No. 14 Harvard men’s water polo finished off an impressive regular season and headed to the Northeast Water Polo Conference title match with a number of key wins under its belt, including victories over No. 20 Wagner, No. 18 George Washington, No. 18 Loyola Marymount, No. 7 UC Davis, and No. 3 Cal.
The biggest two wins of the year, though, came against Ivy rival No. 12 Princeton. The Crimson pulled off a 13-12 nail-biter in overtime in the Garden State and then topped the Tigers again back home in Blodgett Pool by a score of 9-8.
So it was all the more heartbreaking when, after skirting past Brown, 11-10, Harvard fell to Princeton in the NEWPC championship, 12-10, at the Katherine Moran Coleman Aquatics Center at Brown University.
The Tigers finished 19-10 overall on the season. The Crimson posted a better record of 22-8 to complete its fifth consecutive season with 20 wins or more.
It was a winnable game from the beginning.
In the first quarter, Harvard’s leaned on a staunch defense as its attack struggled to get going. The score was knotted at one apiece after the opening stanza.
Sophomore attacker Dennis Blyashov scored halfway through the second quarter to put the Crimson ahead 2-1.
Then Princeton kicked into gear. Sophomore attacker Miles Cole put away two quick goals to take the lead, and after senior attacker Nathan Ondracek tied the score at 3-3, the Tigers went up for good with one second left in the half, 4-3. Harvard never claimed the lead again.
Princeton stretched its lead to as wide as four goals, but the Crimson hung around, pressing until the end. Ondracek scored two more, and Blyashov added three more.
In the end, though, it wasn’t enough. Harvard scored with a minute left in the fourth quarter to cut the deficit to two goals, and that was it.
“We had more than enough firepower on our team to put them down,” said Ondracek. “We just made some mistakes, and they capitalized on them.”
Junior attacker Charlie Owens felt the same way.
“The previous two years, we didn’t win the regular season in our conference, and we kind of went into the tournament with an underdog attitude and did really well in the championship tournament,” Owens said. “Then this year, we did really well in the regular season and won that title, and then we just, you know, folded in the championship game, which was obviously disappointing.”
There was still a lot to be proud of for the Crimson. The senior class finished as the winningest in program history, and current players are bullish on the team’s prospects next year.
Ondracek highlighted team chemistry as an essential ingredient to his class’s sustained success.
“It was awesome,” Ondracek said. “The fact that we won so much is a huge accomplishment, and we’re all proud of it. Our class is really close, and that contributed a lot to why we did so well, both in and out of the pool.”

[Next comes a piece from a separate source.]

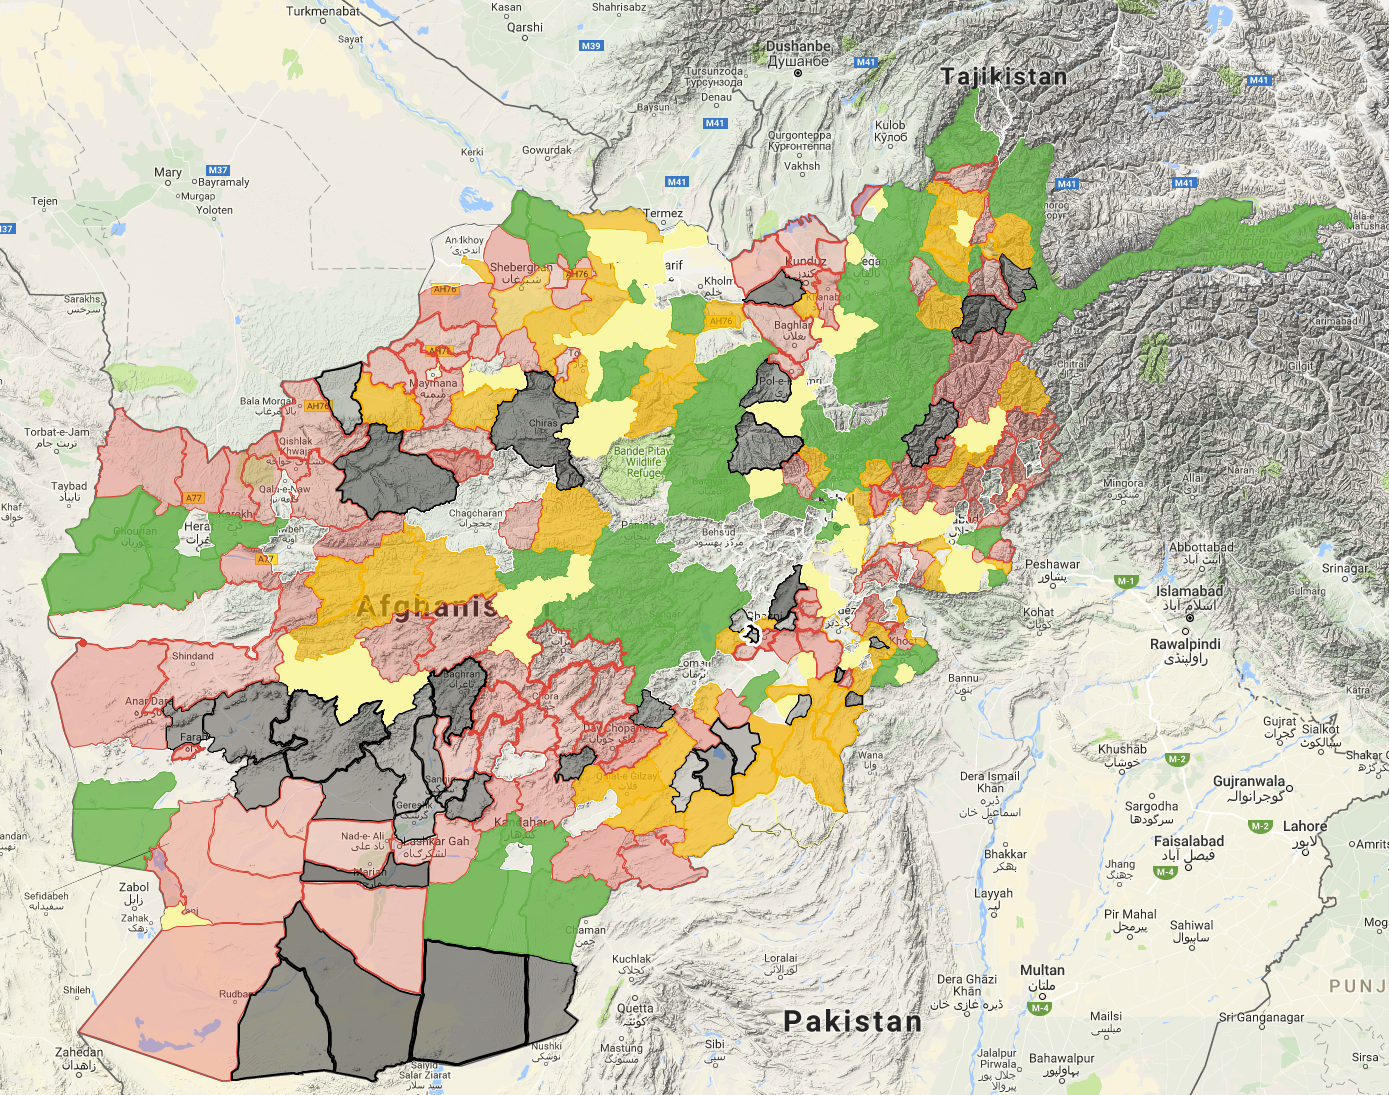 Taliban Releases Map of Territory It Controls in Afghanistan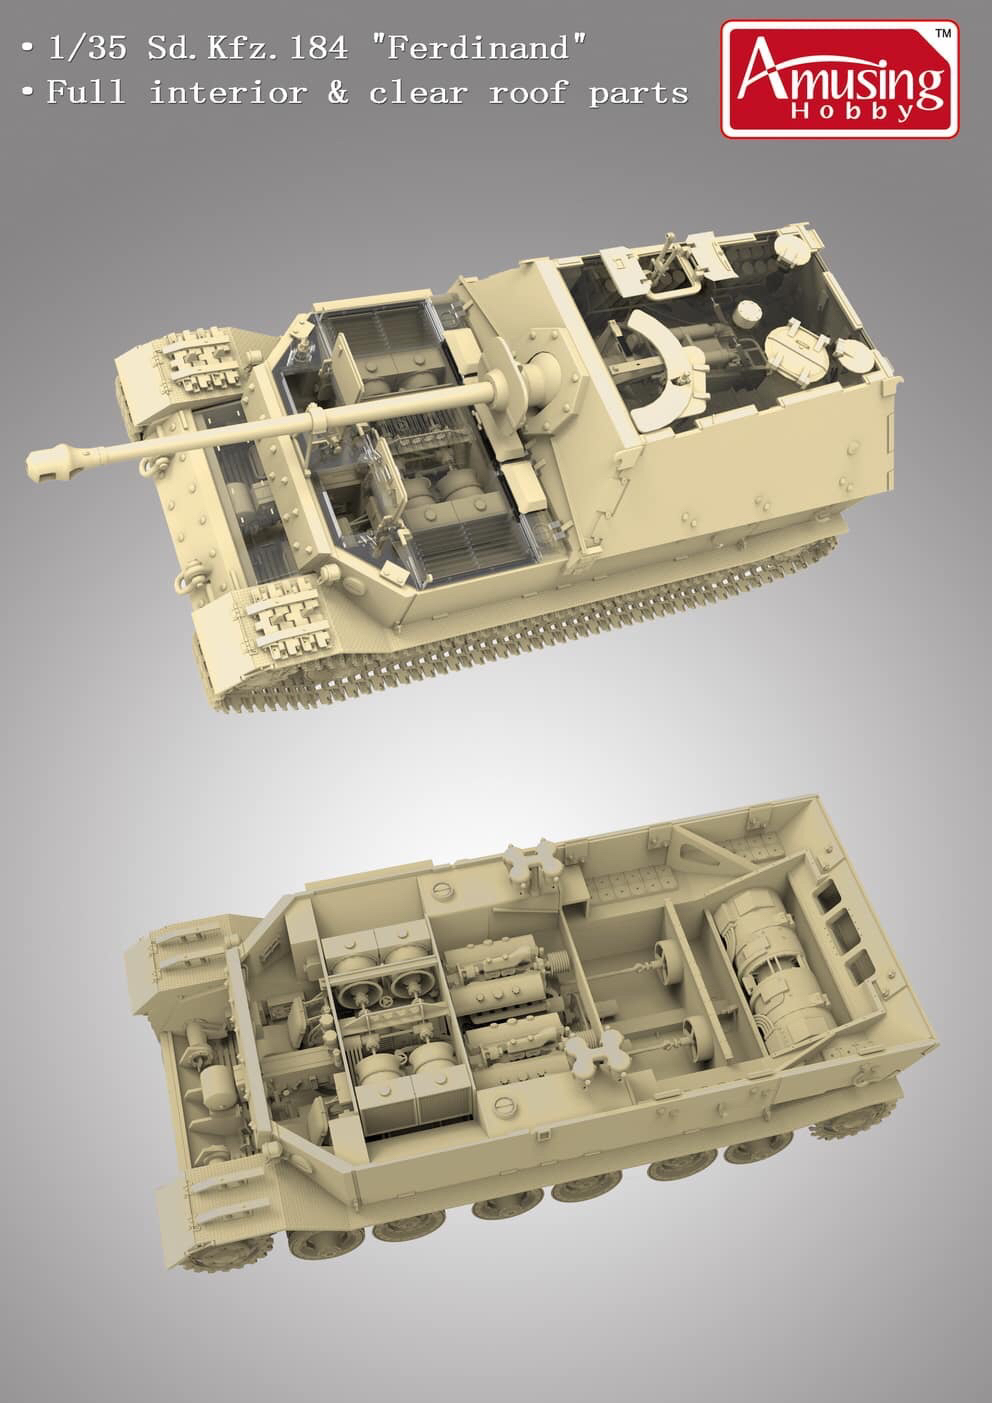 Amusing Hobby 35A030 1:35 Sd.Kfz.184 Ferdinand and 16t Strabokran Military Toy Kit for sale online

Owens pointed out that the team’s rookies are poised to make strides next season.
“We’re definitely moving up,” Owens said. “We have a really good class of freshmen coming in next year, and our freshmen this year were some of the top guys on our team. It’s going to be a big year.”
Ondracek reflected on the team’s future in a similar light.
“It’s both good and bad,” Ondracek said. “Only bad because, like, I’m graduating, and I won’t be here for it. I think our team is always getting better, a lot better, from here. The younger guys especially, the freshmen and sophomores, have so much potential. They’re going to be amazing, and it’s going to be really cool to see what they do. I really believe this next set of players—the freshmen, the sophomores, the incoming guys—is going to continue our success.”
The underclassmen may be able to wash the taste of that championship out of their mouths. In the end, it was just a tough one.
“Shots just weren’t going in,” said Owens. “We just didn’t have our day.”